若い男女のカップルが着物を着て、手をつないでいる。そんな二人がちらほら見える。自分がこの年齢の頃に、彼女とのデートで、おそろいで着物を着る男の子がどれだけいただろう。まだ十年くらいしか経っていないのに、なんだか全然違う気がした。ウイルスが流行していても、人は着物を着るし、恋をする。同じ時に同じ街にいるのに、そういうすべてが自分からは遠かった。大きな公園を抜け、スマートフォンで写真を撮るために着物を着た女たちが一斉にマスクを外すのを横目で見ながら、横道に入った。
少し行くと、いかにも高級な低階層のゲストハウスが目の前に現れ、タクシーが出てきたので、一瞬身構える。
見上げると、こちらに面した客室の大きな窓越しに、金髪の男女の姿が見える。大きな液晶テレビには、スピーチをする女の人の姿が映っている。あれが昨日スマートフォンで就任式のニュースをちらっと読んだ、アメリカ初の女性副大統領なのだろう。二人はリラックスした様子で、テレビを見ていた。
石畳の小路は想像以上に、ベビーカーを押すのに難儀した。乃蒼の体が絶えず揺れ、さすがに心配になる。これでは車イスも大変だろう。
小さな通りは、お寺の向かいに土産物屋や雑貨店が連なっていて、目当ての店もその並びにあった。
これくらいなら一人でいけそうだなと判断し、おりゃあとベビーカーを抱えて数段ほどの石段を上がろうとすると、ちょうど出てきた二十代くらいの男女が、驚いた表情を顔に浮かべた後、手伝ってくれた。

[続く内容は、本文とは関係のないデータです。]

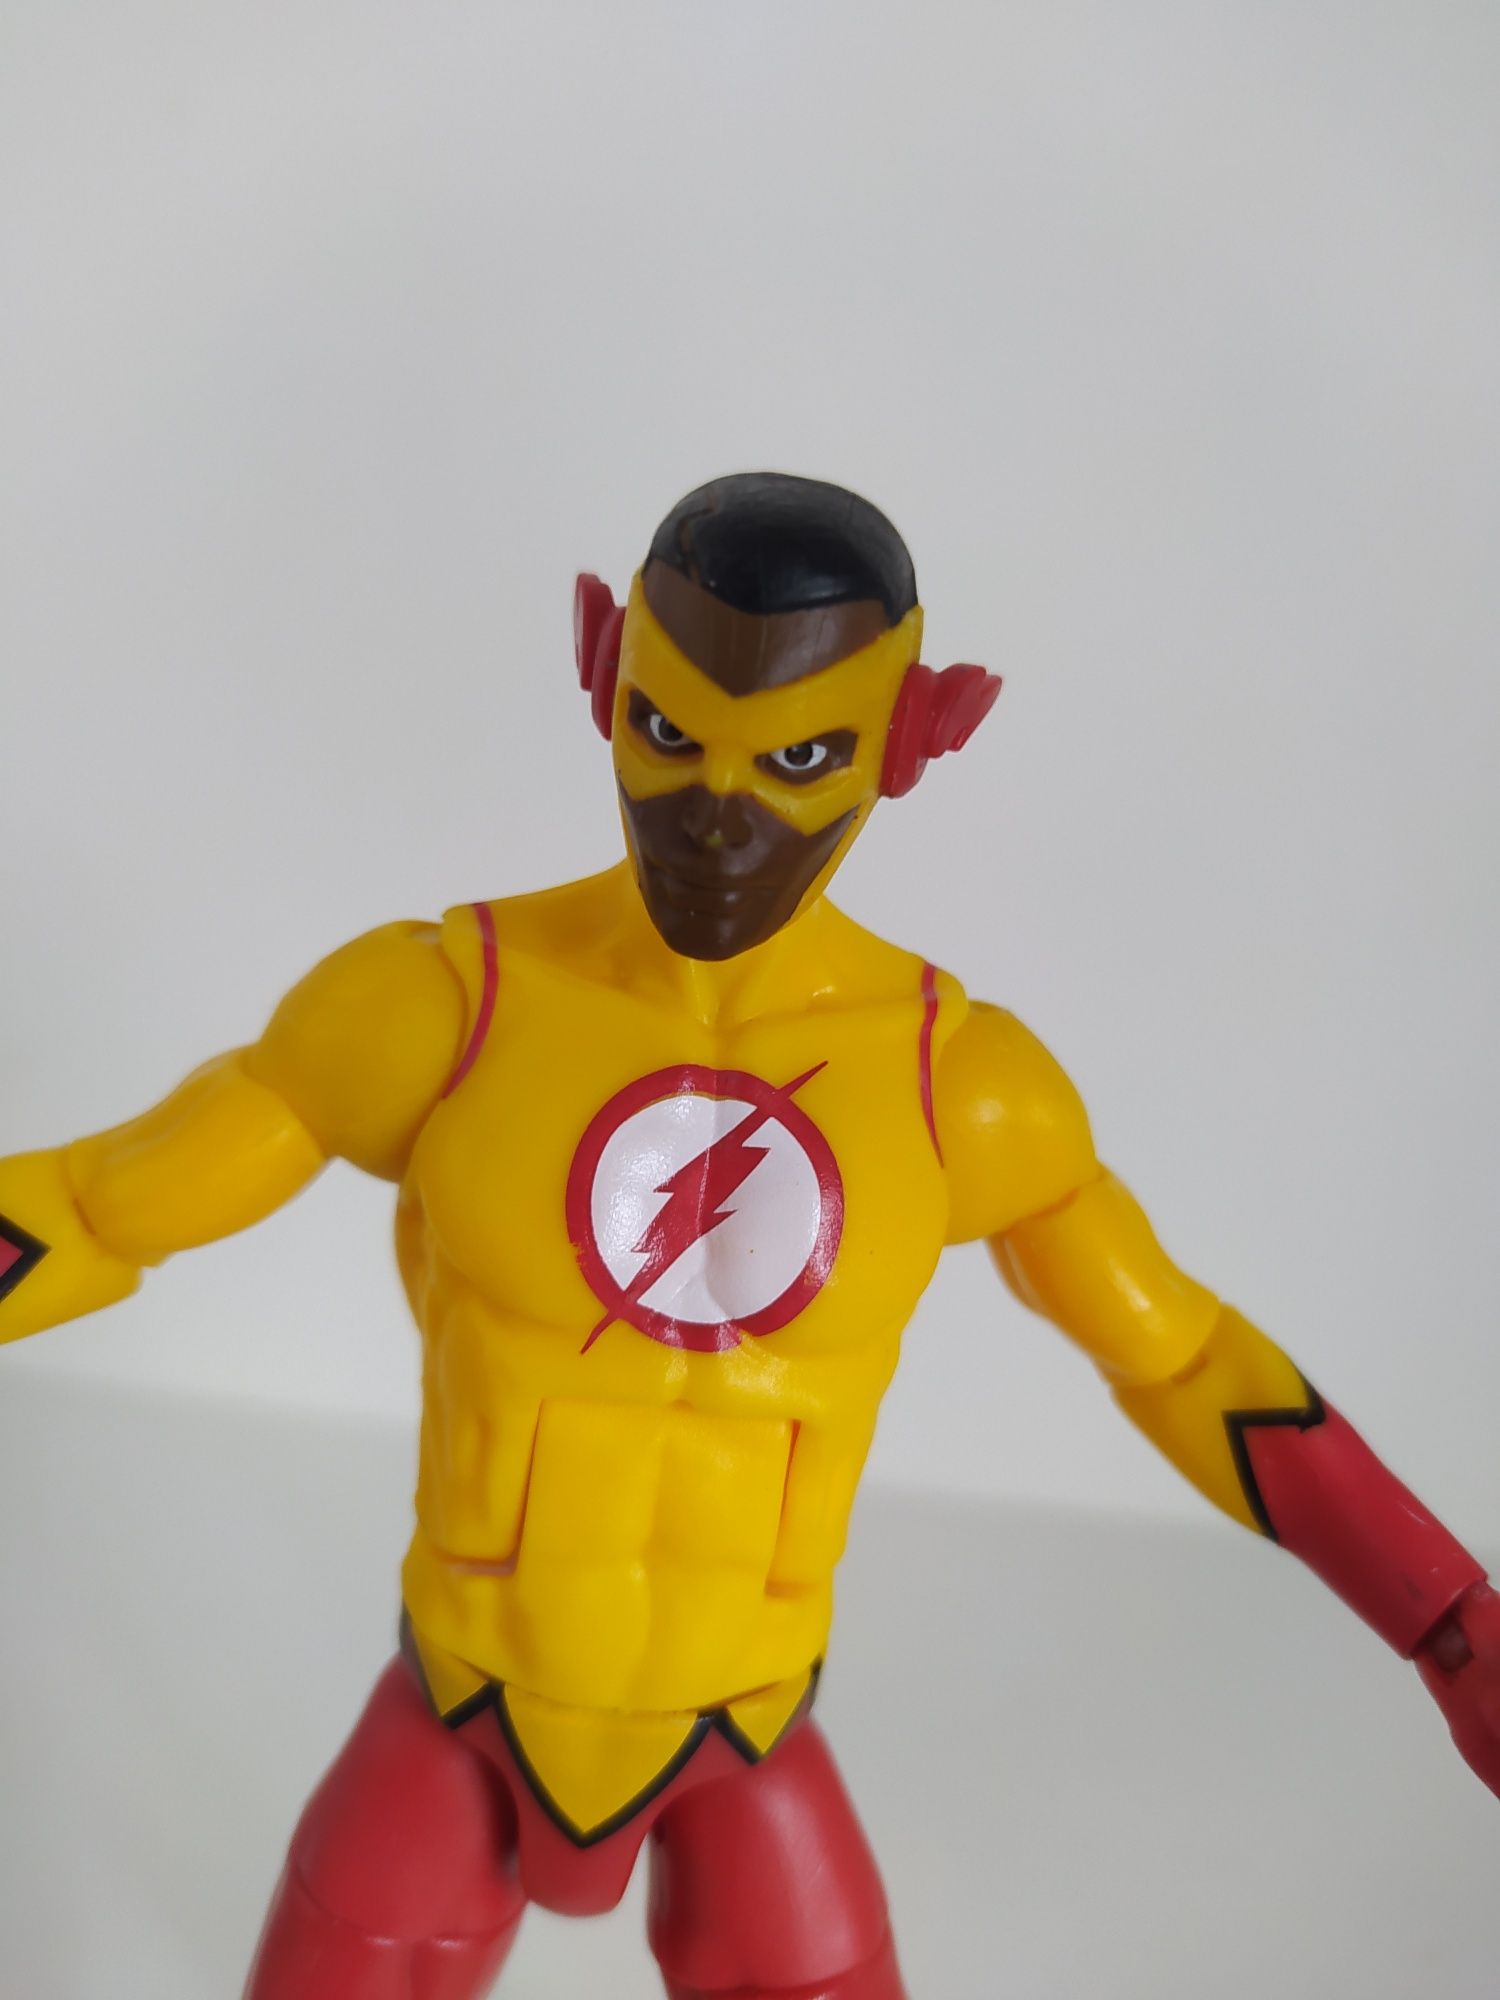 Figurka Kid Flash DC comics Multiverse Mattel superbohater
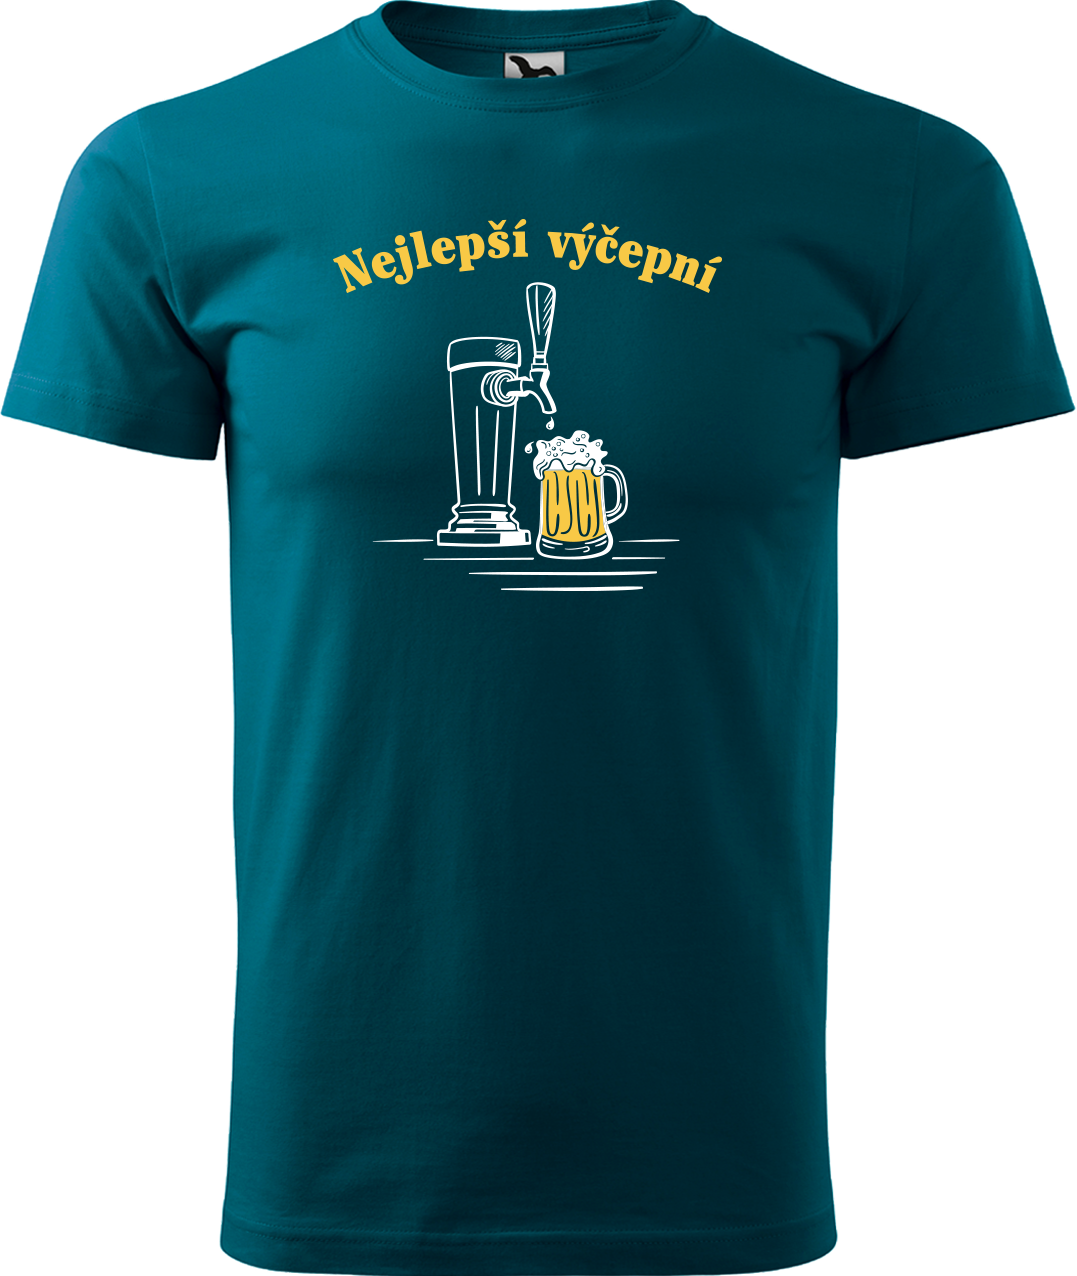 Pivní tričko - Nejlepší výčepní Velikost: S, Barva: Petrolejová (93)

抹茶のお菓子で有名なこの店はいくつか支店があったが、ここがホテルから一番近い店だった。せっかくだから散歩のついでに寄ってみようと思ったのは、結婚前、職場の同僚と一泊二日でこの街を訪れた際に食べたパフェの味を思い出したからだ。
わらび餅が好きな乃蒼にはわらび餅と白玉のセット、自分にはほうじ茶パフェを選んだ。
外の席しか空いていなかったので、ベビーカーのままでもいいかと思ったが、乃蒼がベルトを外せ外せと催促してきたので、外してやり、私の隣に座らせた。
早速テーブルの上にのっているものを一つ一つ触って、確認をしはじめたので、絵本を読むように一緒にテーブルの上のメニューを読み、今からこれを食べるんだよ、おいしいの食べるんだよと、メニューの写真を指さしながら、間を持たせるために考えつく限りのコメントをする。これもおいしそうだね、おいしいのいっぱい入ってるね、これはまだ食べられないね、大きくなったら食べようねー。
乃蒼は気に入ったのか、最後のページまで来ると、もう一回読めと最初のページを再び開いたので、メニューを二周した。
わらび餅と白玉のセットが先に運ばれてきた。
乃蒼の口のサイズに小さく切り分けていく。はやく食べたい乃蒼から抗議の声が上がり、わらび餅をつかもうと手が出てきたので、持参した子ども用のスプーンをすかさず握らせ、切った分から食べさせる。
ほうじ茶パフェもやってきたので、乃蒼から手の届かないテーブルの反対側に置くと、乃蒼の動向に目を光らせながら、身を乗り出すようにして食べる。
案の定、私がパフェを三分の一食べたあたりで、乃蒼は半分以上わらび餅と白玉が残った皿を押しやり、アッ、アッ、とじたばた動きはじめた。
すかさず、トートバッグから電車のボードブックを取り出し、私の膝に乃蒼を座らせると、片手でボードブックを支え、ところどころ書かれている電車の名前を読み上げてやりながら、パフェを食べ続ける。手が四本、口が二つあればいいのに。
乃蒼がぐずり出す前になんとか食べ終わることができたが、急いだせいで、味わうどころではなかった。でも、最初の一口のおいしさにハッとした感覚は残っている。とりあえず、それでいいことにした。
乃蒼を抱きかかえて会計をしにいくと、レジの後ろに貼り紙があるのが目に入った。この、政府の旅をしなさい、外食しなさい政策の青い貼り紙を至るところで目にするが、実際に使っている人をまだ見たことがない。どうやって利用するのかもよくわからなかった。
会計を済ませ、店を出たところの砂利が敷き詰められた、神社の境内のような空間で乃蒼をベビーカーに乗せようとしたが、お腹が出るほど身をよじり、イヤイヤをされ、仕方がないので下ろした。とたんに機嫌が良くなり、うひゃひゃひゃひゃとしか形容のできない声を上げながら、駆け回る。
しばらくして、もう一度抱き上げてみると、満足したらしく、おとなしくベビーカーに乗ってくれた。
まだ明るかったので、行きとは違う道に入った。
民家の並ぶ静かな通りに入ると、窓が開いている古い家が目についた。
通り過ぎざま、反射的に観光客気分で覗き込むと、木の面格子越しに、炬燵を囲んでテレビを見ている家族の背中が見えた。画面にはまた、あのアメリカの女の人が映っていた。